ここでアクターと Critic ネットワークを定義します。これらは ReLU 活性を持つ基本的な Dense モデルです。

Note : アクターの最後の層に対して -0.003 と 0.003 の間になるように初期化を必要とします、これは初期ステージで 1 or -1 出力値を得ることを防ぐためで、これは tanh 活性を使用して勾配をゼロにスカッシュします。

def get_actor():
    # Initialize weights between -3e-3 and 3-e3
    last_init = tf.random_uniform_initializer(minval=-0.003, maxval=0.003)

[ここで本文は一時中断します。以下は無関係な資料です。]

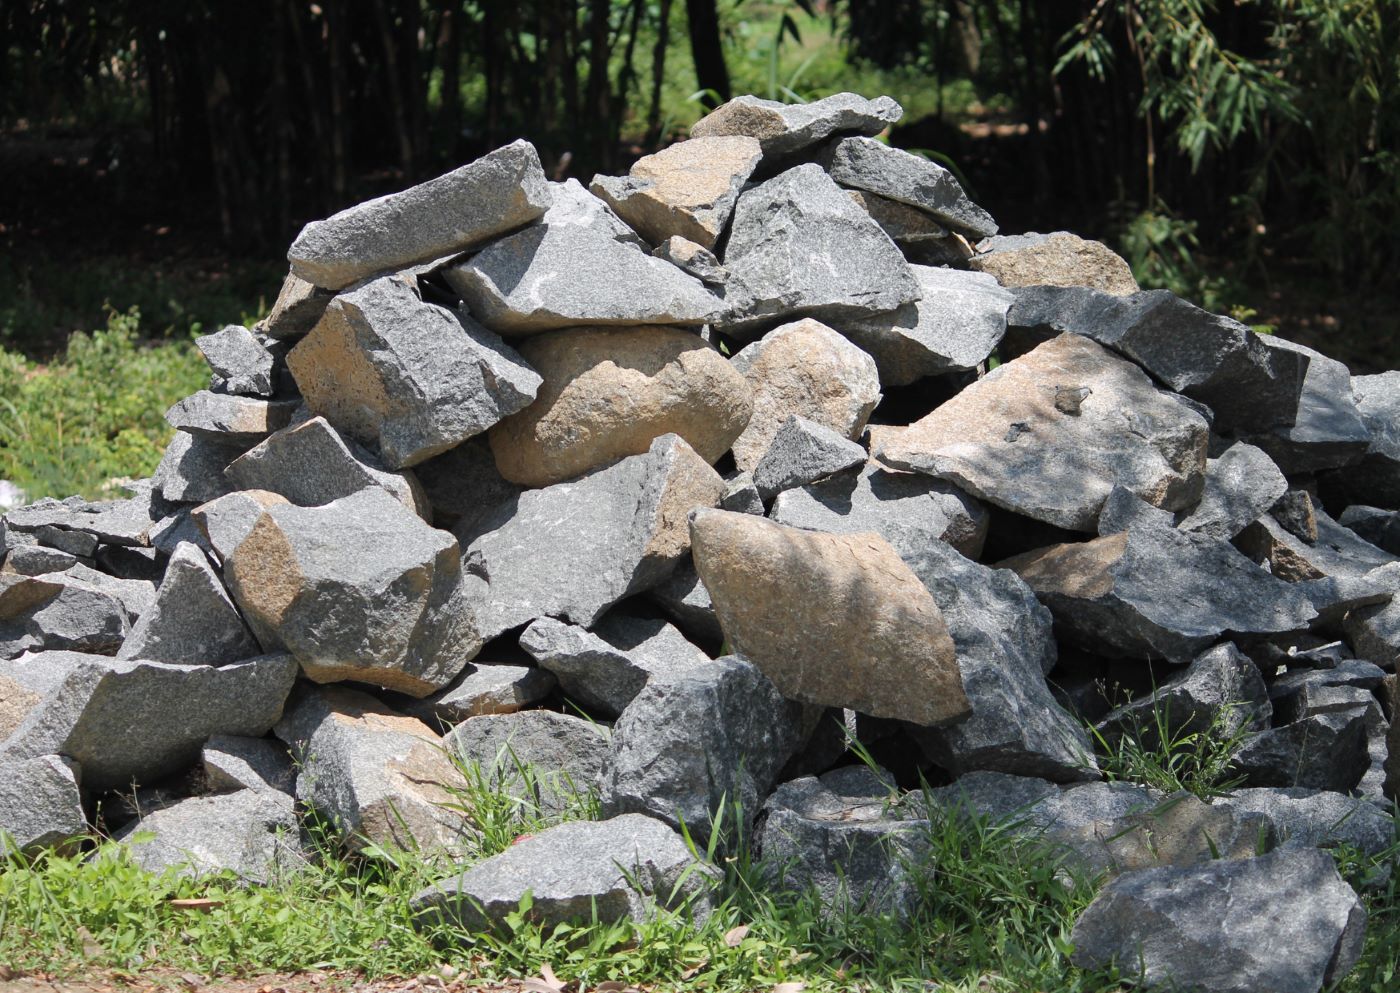 Des petites structures telles que des tas de pierres, permettent d'améliorer la qualité des surfaces consacrées à la biodiversité, en créant des abris pour la faune. (DR)

    inputs = layers.Input(shape=(num_states,))
    out = layers.Dense(256, activation="relu")(inputs)
    out = layers.Dense(256, activation="relu")(out)
    outputs = layers.Dense(1, activation="tanh", kernel_initializer=last_init)(out)

    # Our upper bound is 2.0 for Pendulum.
    outputs = outputs * upper_bound
    model = tf.keras.Model(inputs, outputs)
    return model


def get_critic():
    # State as input
    state_input = layers.Input(shape=(num_states))
    state_out = layers.Dense(16, activation="relu")(state_input)
    state_out = layers.Dense(32, activation="relu")(state_out)

    # Action as input
    action_input = layers.Input(shape=(num_actions))
    action_out = layers.Dense(32, activation="relu")(action_input)

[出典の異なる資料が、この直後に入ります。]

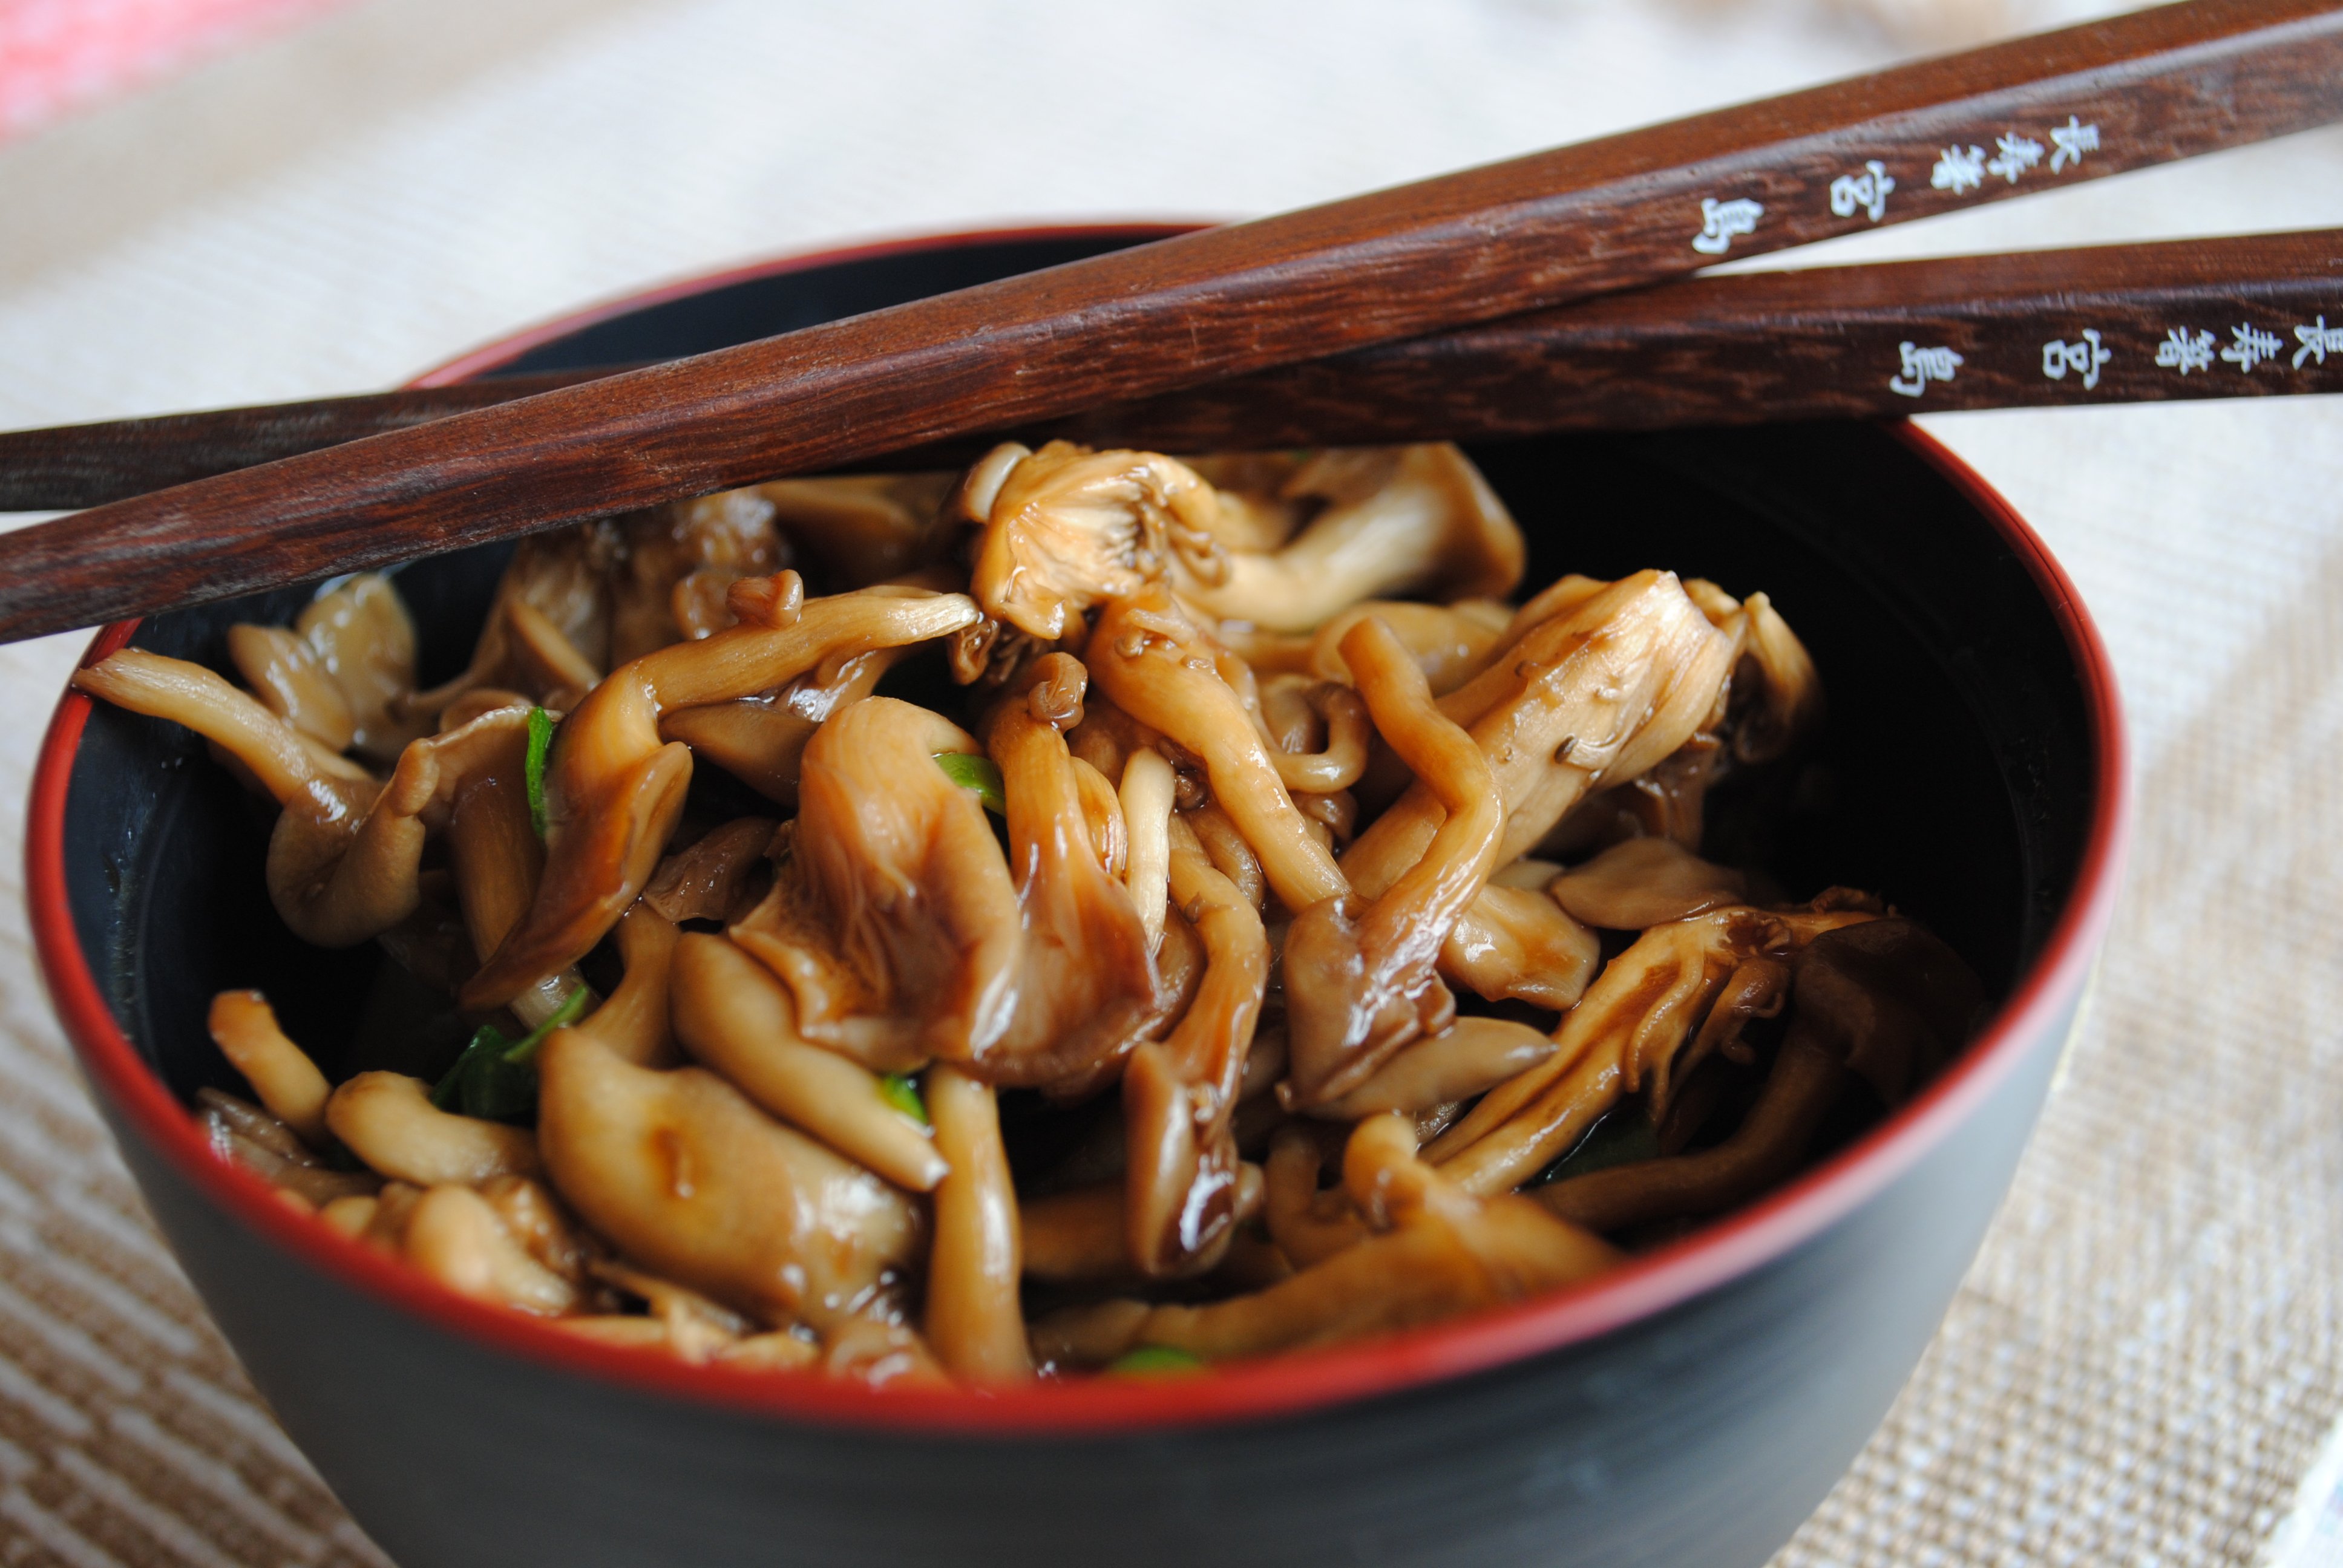 Receitas: 8 receitas de comidas japonesas para fazer em casa e receber os amigos

    # Both are passed through seperate layer before concatenating
    concat = layers.Concatenate()([state_out, action_out])

    out = layers.Dense(256, activation="relu")(concat)
    out = layers.Dense(256, activation="relu")(out)
    outputs = layers.Dense(1)(out)

    # Outputs single value for give state-action
    model = tf.keras.Model([state_input, action_input], outputs)

    return model

policy() はアクターネットワークからサンプリングされたアクションと探索のためのノイズを返します。

def policy(state, noise_object):
    sampled_actions = tf.squeeze(actor_model(state))
    noise = noise_object()
    # Adding noise to action
    sampled_actions = sampled_actions.numpy() + noise

    # We make sure action is within bounds
    legal_action = np.clip(sampled_actions, lower_bound, upper_bound)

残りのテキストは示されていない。